Our simulations indicate that, contrarily to what is usually assumed, the primary does not always rotate synchronously throughout mass exchange. As shown in Figs. 2 and 7, the primary is rotating significantly sub-synchronously during the rapid phase. Only once the mass transfer rate decelerates and convection develops in the surface layers, are tides effective enough to re-synchronize the primary.
Unfortunately, published spin rates of the primary during the rapid phase are, to the best of our knowledge, not available, but this is likely a result of the short duration of this phase (between about 105 to 106 years in our models). Existing studies of rapid mass transfer systems, such as UX Mon (Sudar et al. 2011), assume that the primary is synchronous, based upon the expectations that tides are always efficient enough to maintain synchronism, although this has never been proven observationally. On the other hand, evidence for synchronous primaries where the mass ratio has reversed are relatively abundant, such as the eclipsing δ Scuti star KIC 10661783 (Lehmann et al. 2013), TX Uma (Glazunova et al. 2011), KZ Pav (Sürgit et al. 2010) and RX Cas (Andersen et al. 1989).
4.2. Contact evolution
The enhanced orbital contraction that self-accretion generates, combined with expanding radiative secondaries in response to mass accretion (e.g. Neo et al. 1977), could lead to more contact systems. The situation may be particularly severe for case A systems when self-accretion operates even after the mass ratio has reversed. Indeed, even though the classical scheme predicts orbital expansion when q< 1, self-accretion still causes the orbit to contract down to q ≃ 0.8 in our case A simulation. However, contact may be avoided if, for a given initial period, the mass ratio is initially close to unity. In this configuration, the mass ratio is reversed sooner, limiting the orbital shrinkage.
The spin-up of the secondary, as it accretes angular momentum from the transferred material (Packet 1981), may also lead to a contact binary. Sepinsky et al. (2007a) demonstrated that the Roche lobe radius of a super-synchronously rotating star will be smaller than the value determined using the standard Eggleton (1983) formula. So, if we also consider the impact of the secondary’s rotation on its Roche radius (as should be done), we indeed find that all our models enter a contact configuration during the rapid phase. However, magnetic braking may prevent significant spin-up of the secondary (Dervişoǧlu et al. 2010; Deschamps et al. 2013) although, in light of the expanding radiative secondary, these mechanisms may only delay the onset of contact.
Contact evolution requires detailed modelling of energy transport between the stars within their common envelope (e.g. Webbink 1977b; Stȩpień 2009), which is beyond the scope of the present paper. Nonetheless, observations of the contact systems with early spectral-type stars, such as LY Aur (Zhao et al. 2014), V382 Cyg and TU Mus (Qian et al. 2007) indicate that their evolution is similar to that of a semi-detached Algol, but much shorter-lived.

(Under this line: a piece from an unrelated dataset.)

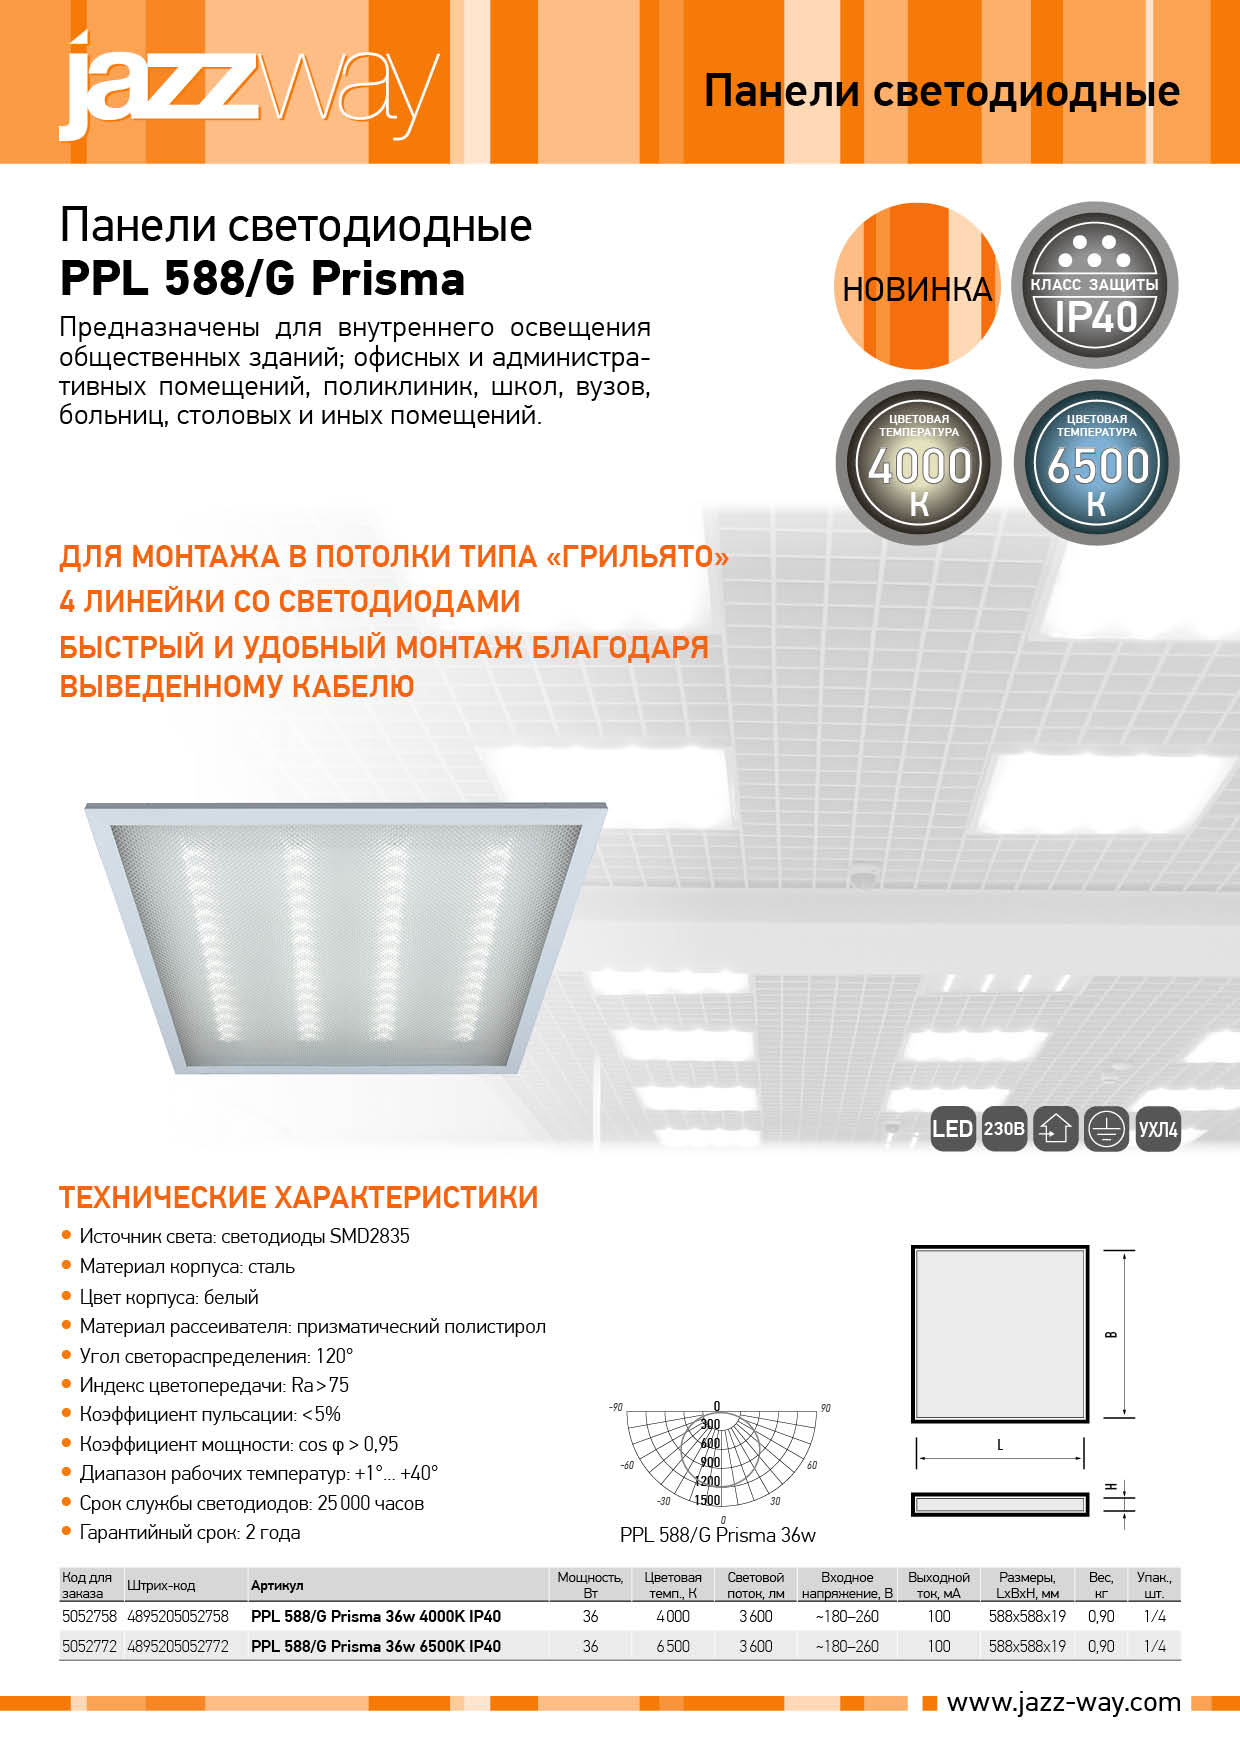 Светодиодные панели PPL 588/G Prisma

The authors suggest that the contact configuration was most likely triggered during a rapid case A mass transfer phase, and that the observed period increase is caused by mass transfer from the less massive to the more massive star. They also expect that the increasing orbital separation will break the contact configuration, giving a semi-detached Algol, suggesting that not all contact systems necessarily merge.
Further complications arise from the fact that the rotation rate of each star is different. The concept of the Roche model, which assumes that both stars rotate synchronously with the orbit, is therefore incorrect. As outlined by Vanbeveren (1977), asynchronous rotation of both components gives Roche lobes that do not necessarily coincide at a common inner-Lagrangian point. This situation may greatly complicate the mass flow structure between the stars, possibly leading to non-conservative evolution. We appeal to smooth particle hydrodynamical (SPH) simulations to investigate this in further detail.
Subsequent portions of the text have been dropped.